Crystallographic Information File (CIF) https://doi.org/10.1107/S0108270107047129/sq3098sup1.cif
Contains datablocks global, I

hkl

Structure factor file (CIF format) https://doi.org/10.1107/S0108270107047129/sq3098Isup2.hkl
Contains datablock I

Comment top

Compounds related to the KTiOPO4 (KTP) structure have received steady attention since its outstanding nonlinear optical properties were reported (Zumsteg et al., 1976). Its metal–oxygen chain structure is constructed on a special cistrans principle which, in combination with a strong distortion of the [TiO6] octahedra, provokes a significant non-linear effect (Bierlein, 1989). Previously, it was shown that KTiOPO4 can serve as a model for the exploration of structure–property relationships by means of aliovalent substitution of K, Ti or P atoms (Stucky et al., 1989). Among the range of KTP family compounds, the non-linear polarizabilities of NbV– and TaV-doped KTiOPO4 crystals are characterized by a high βparallel:βperpendicular ratio, and the non-linear response of Nb(Ta)—O bonds has been described in terms of a bond-additivity model (Bergman & Crane, 1975). [Original meaning not clear - please check rephrasing] These compounds may serve as ferroelastic-based multipurpose laser sources for scientific instruments, optical communications, optical signal processing, data storage etc. (Canalias, 2005).
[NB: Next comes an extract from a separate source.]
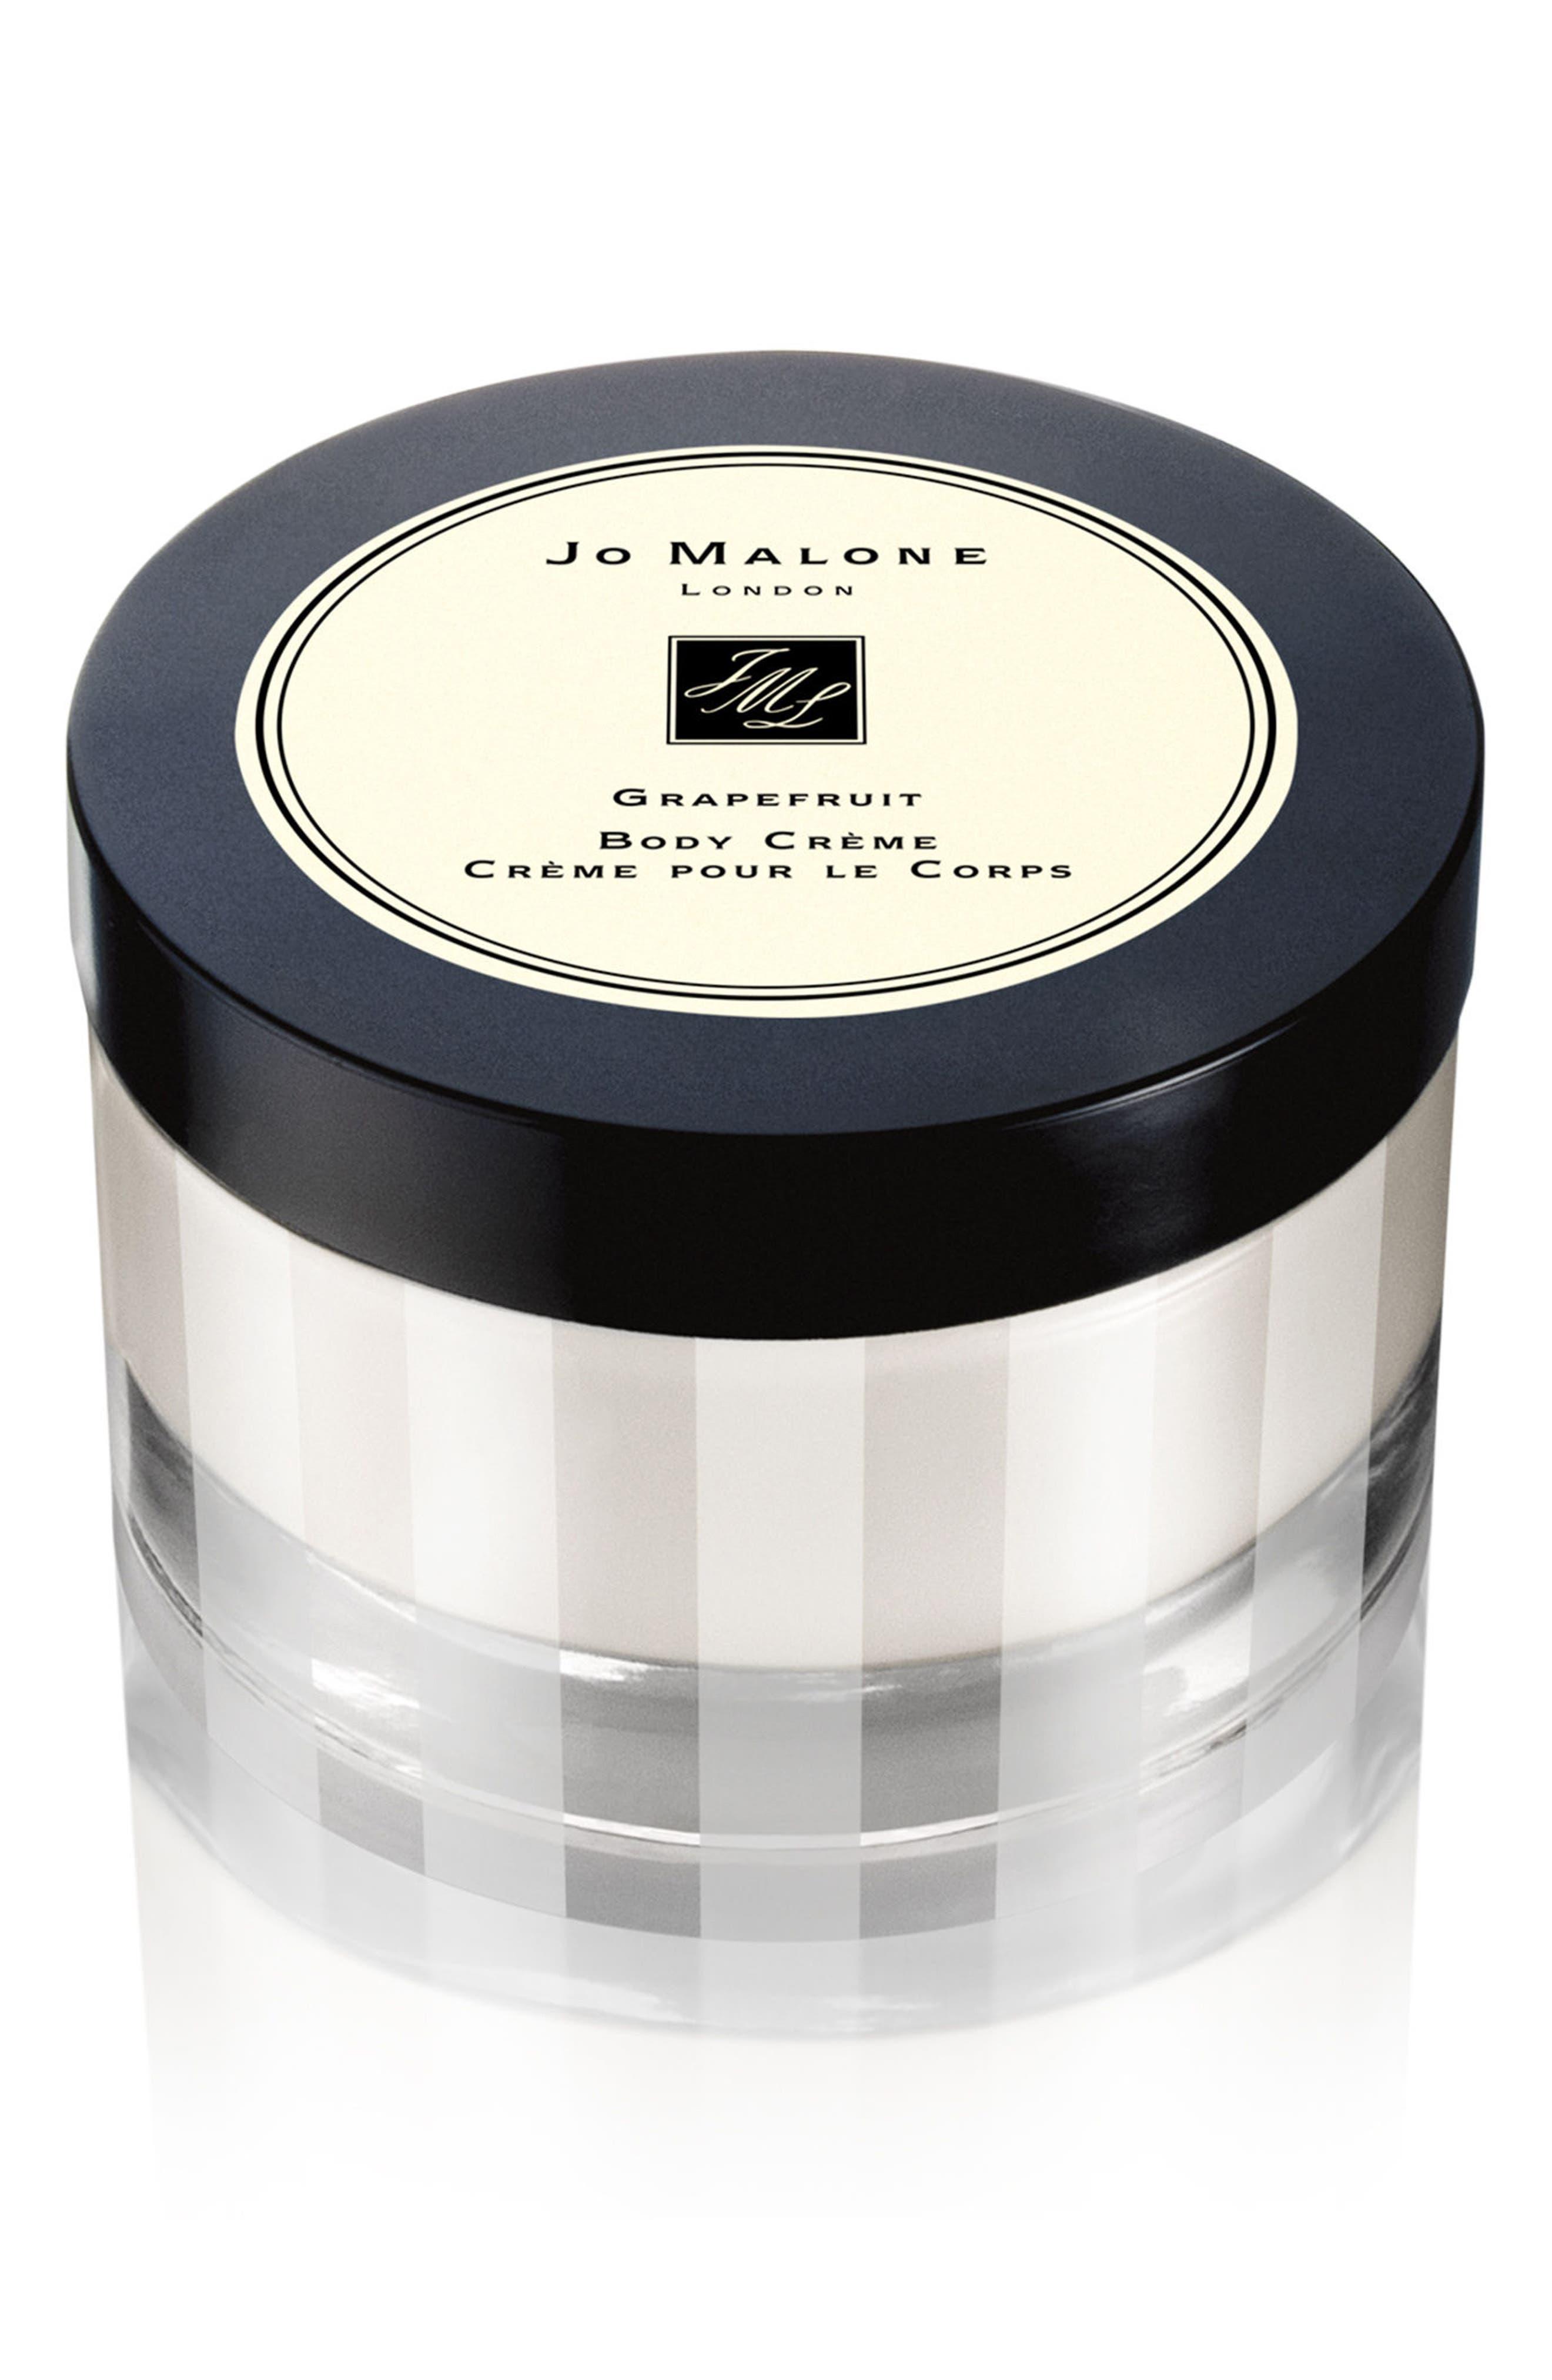 Jo Malone London(TM) Grapefruit Body Creme

Replacement of TiIV atoms by NbV is limited to 15 mol%, due to the structure transformations (Alekseeva et al., 2001) that accompany the decrease in the framework anionic charge and consequent lesser quantity of K+ cations relative to the parent KTiOPO4. Therefore, two necessary conditions need to be addressed for the design of NLO materials, namely the retention of the KTP structure and the prevalence of NbV in the composition of the target compound. This work continues the systematic study of the aliovalent combination approach [MIII + MV] towards KTP-related structures and we report here the structure of a mixed InIII/NbV-substituted phase of formula K0.92In0.46Nb0.54OPO4 (hereinafter denoted KINP). A brief discussion of its merohedral twinning is also included.
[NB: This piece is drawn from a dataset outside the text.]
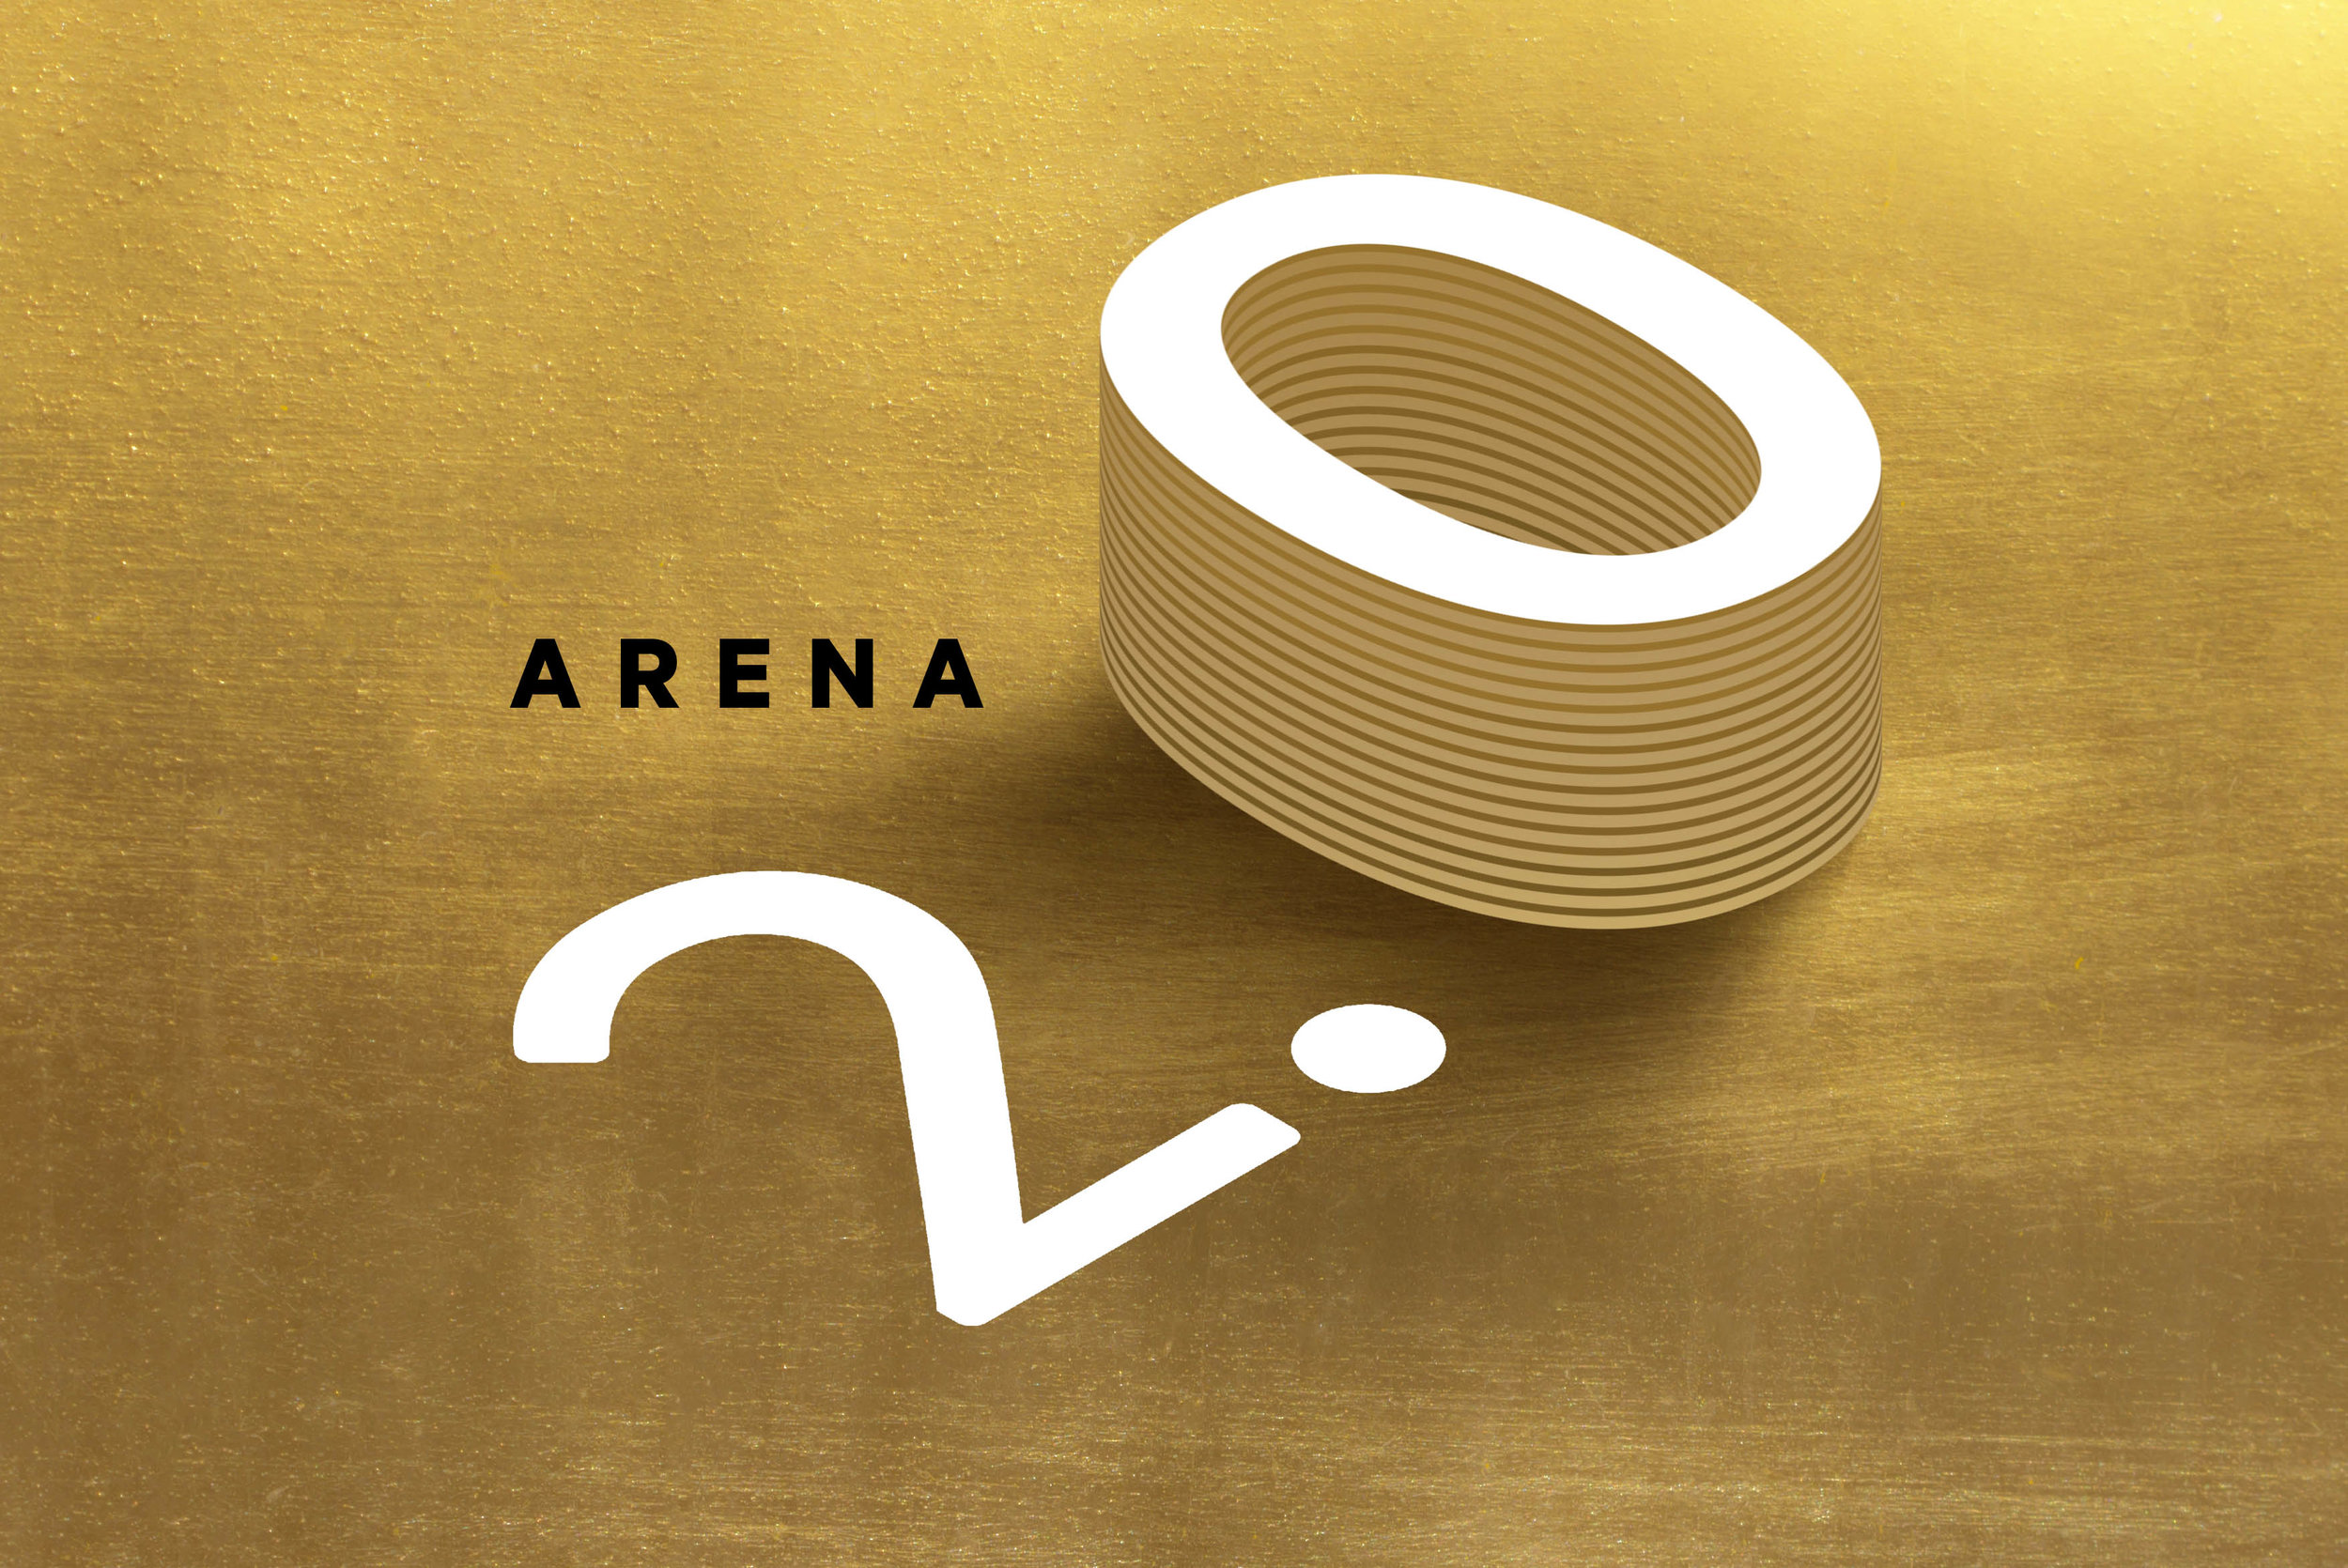 arena_2.0.jpg

Despite our expectations, the structure of KINP is essentially different from earlier reported structures of KMIII0.5NbV0.5OPO4 phases with M = V, Cr or Fe (Rangan et al., 1998; Babaryk et al., 2006). The overwhelming majority of previously reported KTP family compounds containing three- and five-valent cations belong to the orthorhombic crystal system (mmm Laue group) and crystallize in either Pna21 (noncentrosymmetric) or Pnan (centrosymmetric) space groups, which are related by a ferroelectric–paraelectric phase transition (Belokoneva et al., 1990, 1993; Stefanovich et al., 1996). The precedent for increasing lattice symmetry has been observed for KMg0.333Nb0.667OPO4 (KMNP; McCarron & Calabrese, 1993) and KNi0.5W0.5OPO4 (KNiWP; Peuchert et al., 1995). These compounds belong to the tetragonal crystal system (4/mmm Laue group). By contrast, the KINP crystal structure displays 4/m Laue symmetry, unlike all previously published structures of the KTP family. This change in crystal symmetry may be associated with a gradual increase of octahedrally coordinated metal ion radii from 0.76–0.79 Å (Cr–Fe) to 0.83–0.94 Å (Mg–In).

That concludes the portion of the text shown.